Avec sa nouvelle série Property Rights, Mitch Epstein dévoile la face cachée du rêve américain et souligne toute l’importance de la dissidence contre les pouvoirs en place.

C’est à l’occasion d’un voyage en Inde dans les années 1980 que le photographe Mitch Epstein comprend ce que signifie être américain. Au fur et à mesure qu’il s’éloigne des États-Unis, il développe ainsi une certaine conscience de son identité culturelle. Ses séjours au Vietnam, au début des années 1990, marquent un tournant et son travail prend une dimension plus politique. Ses photographies questionnent alors les dessous de l’histoire politique américaine, notamment avec une série de projets réalisés durant les deux premières décennies du 21e siècle.

Mitch Epstein
Monument national de la forêt d’Ironwood, Arizona 2018 © Mitch Epstein (né en 1952), Black River Productions Ltd. / Mitch Epstein. Gracieuseté de Sikkema Jenkins & Co., New York

L’un d’eux, Family Business, est une histoire intimiste sur le coût de la poursuite illusoire du rêve américain. Un des volets de la trilogie qui compose cette étude élargie, avec American Power et Property Rights, dernière série qui fait l’objet d’une exposition accompagnée d’un livre à paraître, et lance un véritable appel à une forme de résistance.

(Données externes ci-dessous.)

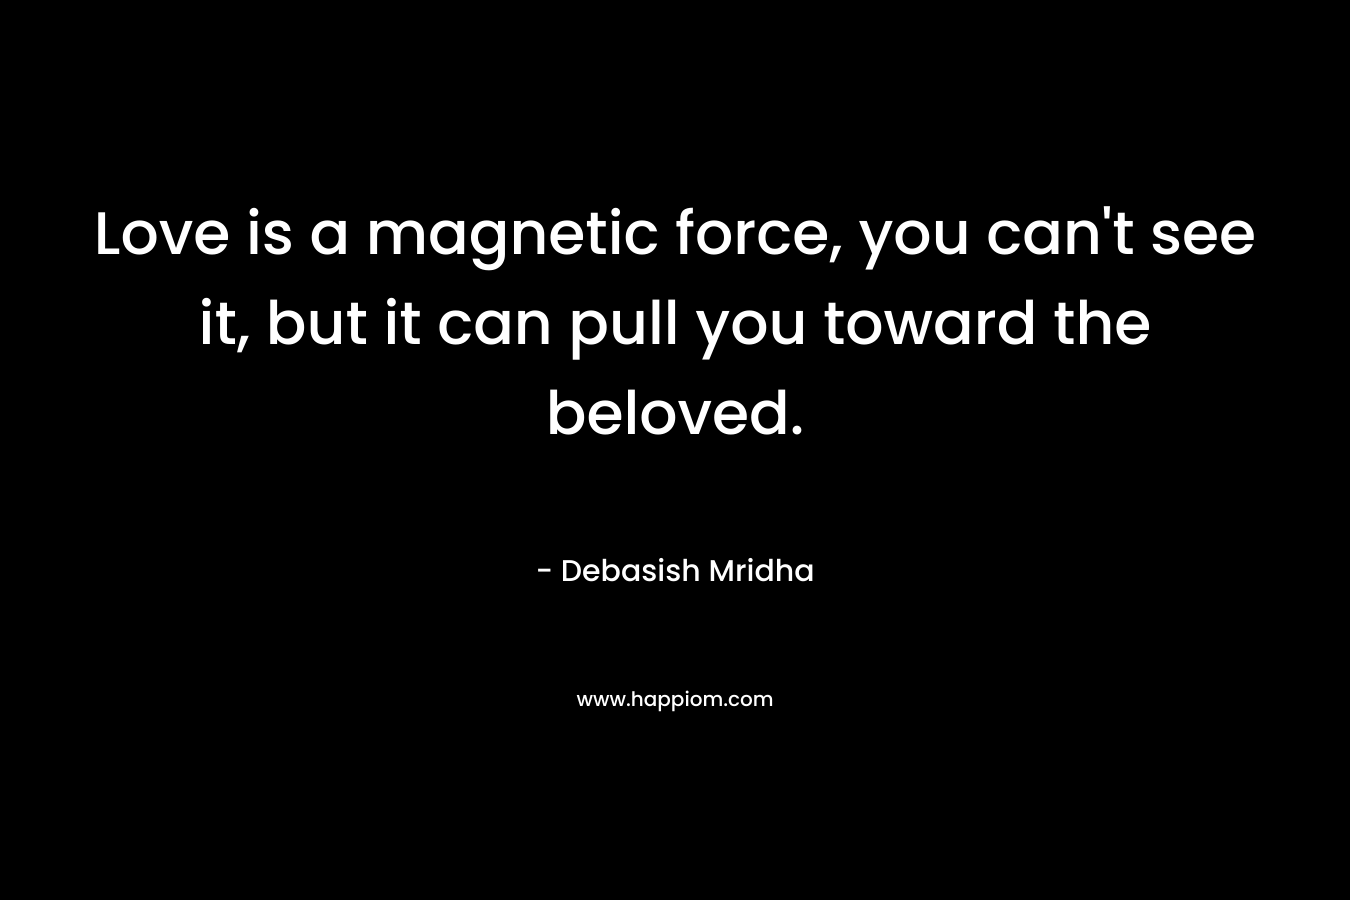 Love is a magnetic force, you can't see it, but it can pull you toward the beloved.

Même si Epstein ne se considère pas comme un photographe environnemental, ses projets exhument des histoires américaines qui sont en grande partie effacées du paysage politique. « Quand je me lance, je n’ai pas de démarche politique ou de mode opératoire préconçu en tête », dit Epstein. « Être au service de mes idées existantes ne me serait d’aucune utilité. C’est un handicap artistique, je le reconnais. Mais il est crucial d’assumer pleinement mon travail, de le contextualiser et de le positionner, sans pour autant renier l’énigme qu’il représente. Il ne s’agit pas pour moi de l’expliquer. »

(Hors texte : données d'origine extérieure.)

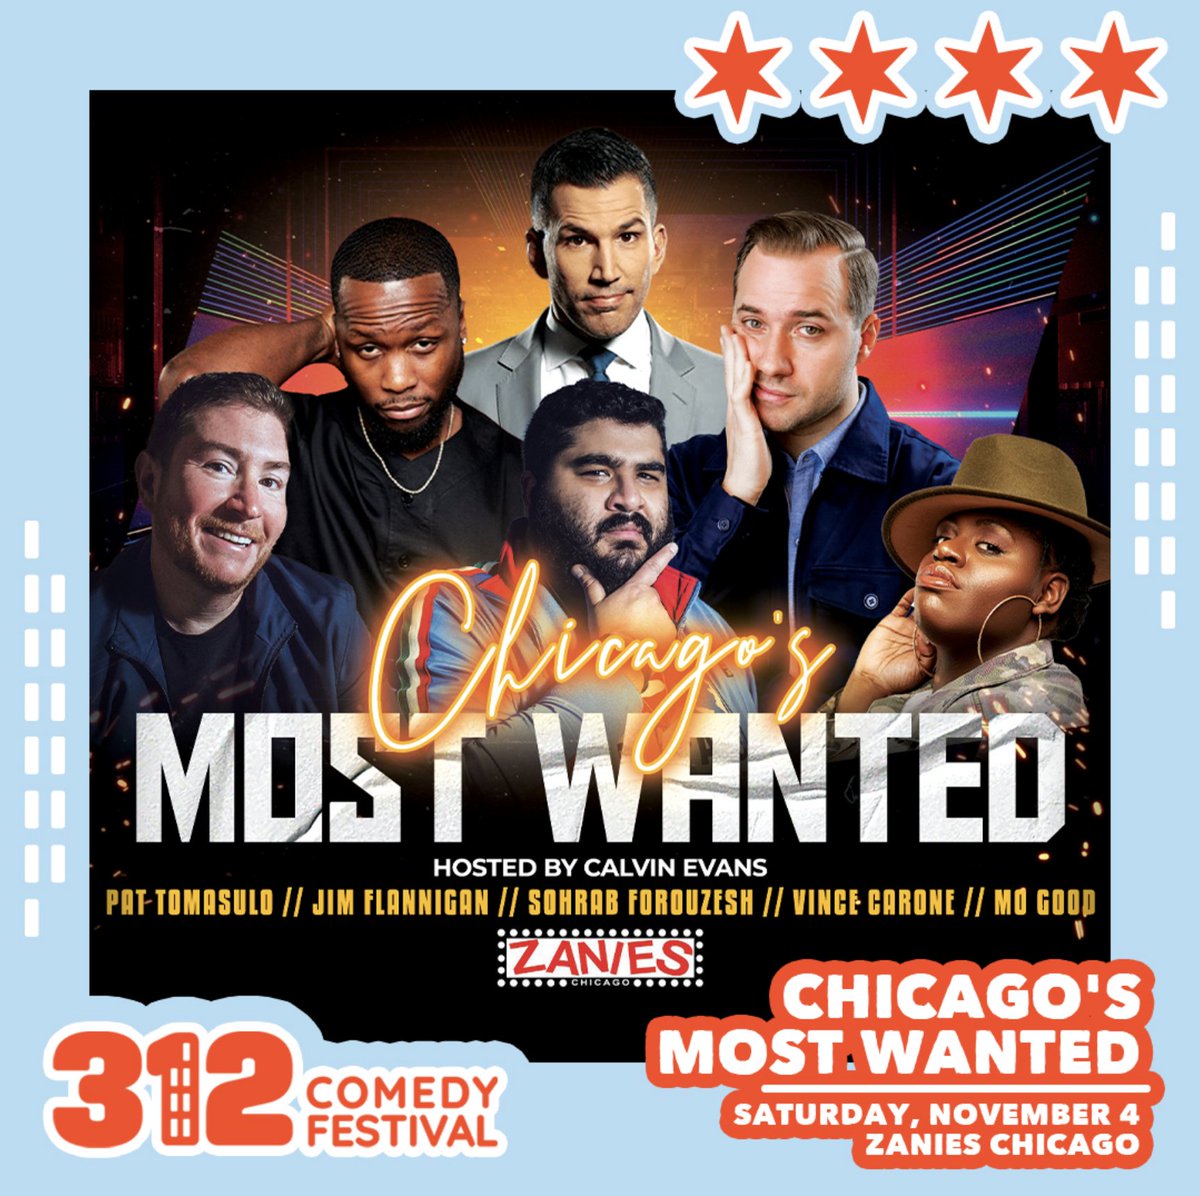 🎙️ 312 COMEDY FESTIVAL SHOW Join us November 4 for Chicago's Most Wanted! Chicago's hottest headliners will share the Zanies stage for one night only as part of the @312ComedyFest. Grab tickets while you can, Chicago--> bit.ly/312Fest_CMW110…

L’histoire commence à la maison

Avec Family Business, Epstein raconte l’histoire de son père et celle de sa ville natale, Holyoke, dans le Massachusetts. « Je touchais là à des histoires d’hommes de sa génération, qui s’étaient investis dans des postes et des affaires en croyant dur comme fer qu’en travaillant dur, on gagnerait bien sa vie, et que tout irait bien », explique-t-il.

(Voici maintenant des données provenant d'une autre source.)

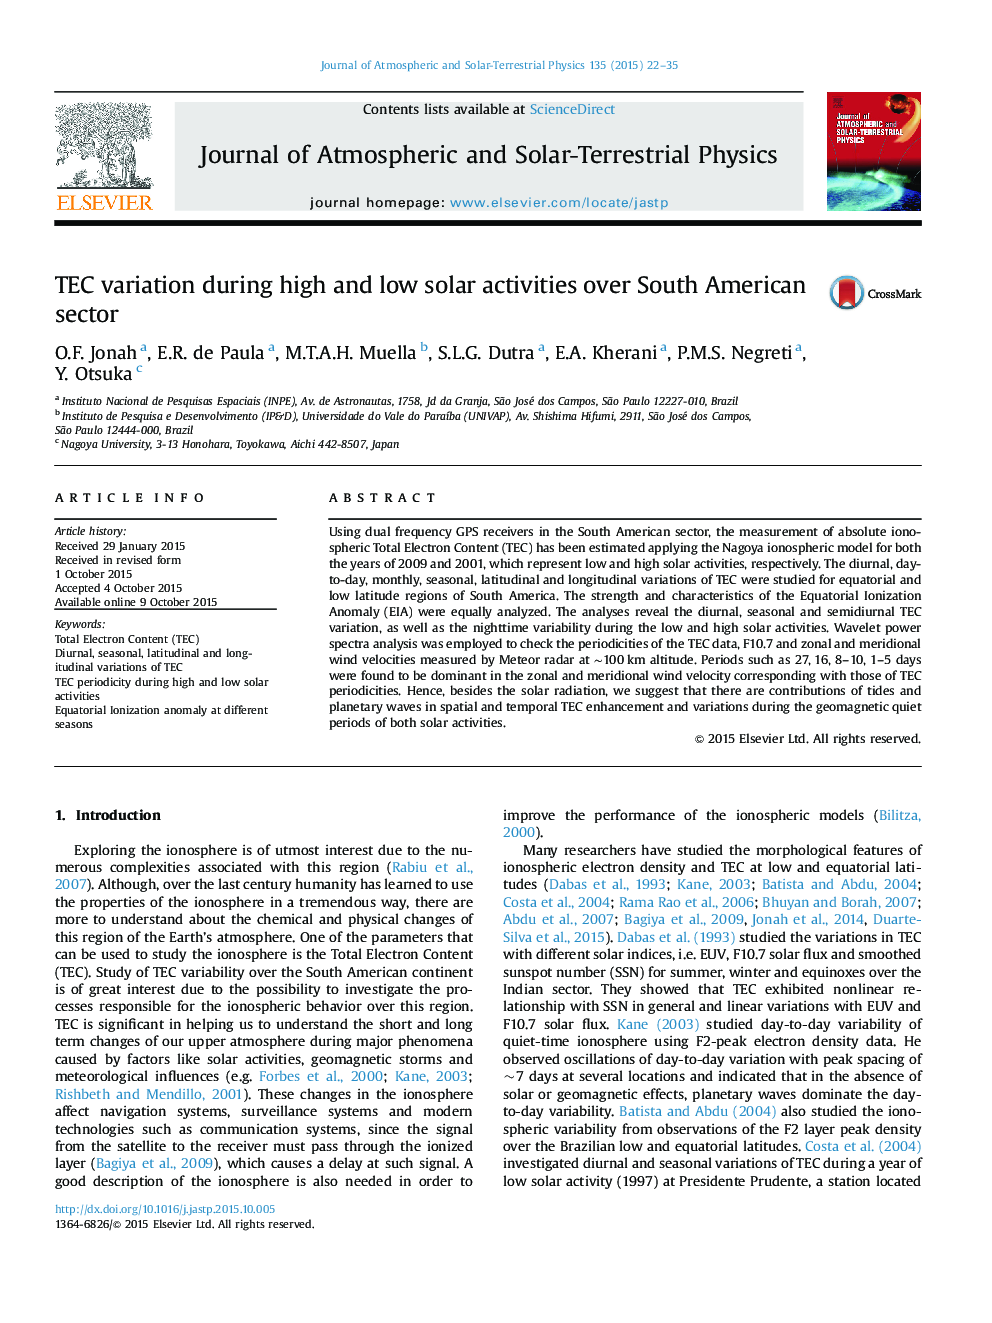 TEC variation during high and low solar activities over South American sector

Mais c’est un mythe, et la génération américaine de l’après-guerre va l’apprendre à ses dépens. La seconde moitié du 20e siècle apporte son lot de changements radicaux dans la société, l’industrie et le commerce, et les entreprises ferment les unes après les autres. « Mon père fut l’une des victimes de ce processus, auquel il a lui-même participé », révèle Epstein.

Mitch Epstein
Border Wall, Nogales, Arizona 2017 © Mitch Epstein (né en 1952), Black River Productions Ltd. / Mitch Epstein. Gracieuseté de Sikkema Jenkins & Co., New York

Réalisée au début des années 2000, la série Family Business examine également l’impact de l’immigration sur les Etats-Unis, au fur et à mesure que les habitants d’Amérique Latine ont gagné le nord. « Holyoke a toujours accueilli une population d’immigrants, car c’était une ville ouvrière. Il y avait déjà des Européens, des Irlandais, des Canadiens français. La vague de départ était occidentale et la nouvelle avait des racines hispaniques. L’ancienne et la nouvelle n’ont pas fait bon ménage », raconte Epstein. En réalité, à l’époque, cette situation se répète partout sur le continent.

Le prix du « progrès »

Au cours de la période Bush-Cheney, Epstein démarre son projet American Power, qui prend la forme d’une étude sur la production de l’énergie ainsi que son utilisation, dans le contexte américain. En pleine crise énergétique au Texas, une situation qui perdure encore aujourd’hui, le sujet prend une dimension particulière. « Je n’avais aucune intention écologique, quand j’ai entrepris American Power », dit Epstein. « Mais j’ai repéré ce sens aigu qu’ont les Américains de ce qui leur est dû. La série a posé des questions très profondes sur le coût du rêve américain, et le privilège immense qu’il représente. Nous devons en assumer en grande partie la responsabilité, car nous avons créé un ensemble de conditions dont le prix est énorme en termes de conséquences. Sans compter que nous avons exporté ce concept dans le monde entier. »

Mitch Epstein
Tree-Sits, Camp White Pine, comté de Huntingdon, Pennsylvanie 2017 © Mitch Epstein (né en 1952) Black River Productions Ltd. / Mitch Epstein. Gracieuseté de Sikkema Jenkins & Co., New York

Lorsque Barack Obama est élu président en 2008, Epstein est convaincu que la nation amorce un tournant. En réalité, la machine néolibérale poursuit sa progression, simplement masquée par un monceau de rhétorique libérale et de séances médiatiques sophistiquées. Avec l’élection de Donald Trump en 2016, la respectabilité politique disparaît en fumée, révélant au grand jour et sans honte la face la plus laide de l’Amérique.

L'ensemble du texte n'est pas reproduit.